Me neither. Well said.

Fwiw, I can't and don't listen to podcast. My main enjoyment is hearing the music on the page for myself.
karen_w_newton
Sep. 6th, 2009 05:30 pm (UTC)
Music on the page-- Interesting analogy. I am the least musical person I know, so I never thought of it like that, but I can see it.
marshallpayne1
Sep. 6th, 2009 06:05 pm (UTC)
I think of the rhythm of the words as the beat and the word choice as the notes. This is really a big deal to me and I love when I read prose that flows or the sentence rhythms work to create music on the page appropriate to the mood of the story. :-)
karen_w_newton
Sep. 7th, 2009 01:45 am (UTC)
Hmm. I don't think if even think of music that way. I must truly be missing a gene.

But I can actually understand it more with words. They do have their own rhythm.
marshallpayne1
Sep. 7th, 2009 02:05 am (UTC)
I've also seen it described as the use of long vowels and soft consonants, as compared to short vowels and hard consonants. A tranquil love scene would use the first and an action fight scene the second.
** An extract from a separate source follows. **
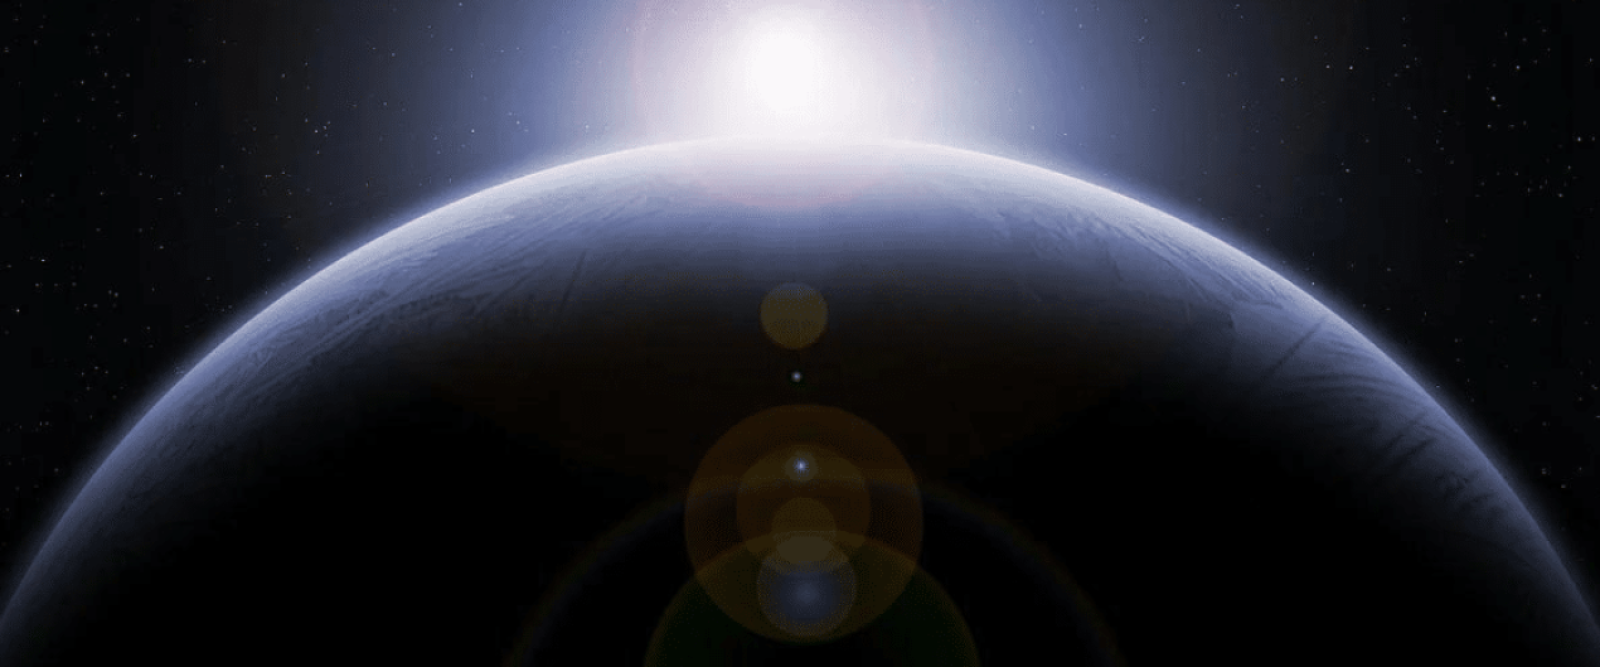 Astrofísica asegura que el descubrimiento de vida extraterrestre sería inminente
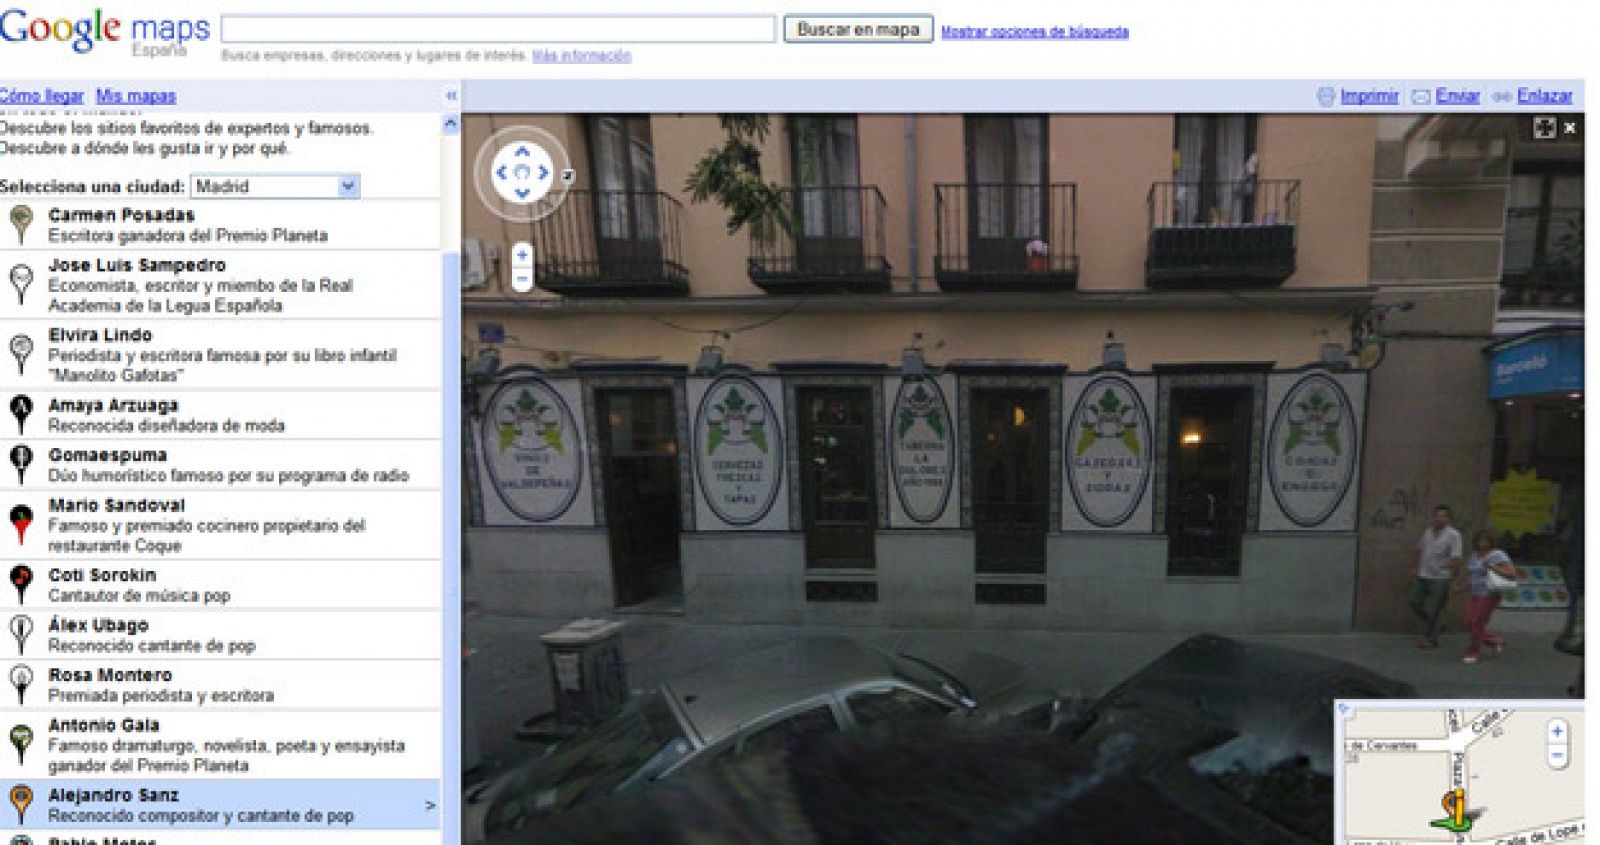 Vista en Google Maps de "Cervecería la Dolores" uno de los sitios preferidos de Alejandro Sanz."El sitio donde mejor tiran la cerveza de todo Madrid" según asegura el cantante

Sometimes when deciding on the right word I try to weigh the shades of meaning against the sound of the word, too. "Begin" and "start" often mean the same thing, but they have a different sound that can affect the emotion timbre of sentence. My two cents. *g*

Sorry it took me so long to chime in on one of your posts. I just don't know much about Kindle/e-books. I'm more of a writing/reading topic kinda guy. ;-)
karen_w_newton
Sep. 7th, 2009 02:10 am (UTC)
Not a problem. To me, it's many facets of the same topic. The reason I am so enthusiastic about eReaders is I think they make it possible to read more.
marshallpayne1
Sep. 7th, 2009 02:15 am (UTC)
The only reason I don't want to ponder them is that I can't afford one at present. Someday though. Right now I need a new PC. I have two, but the Internet one is getting old. I have a writing PC too. Two screens side by side. I'm hooked on the dual system. ;-)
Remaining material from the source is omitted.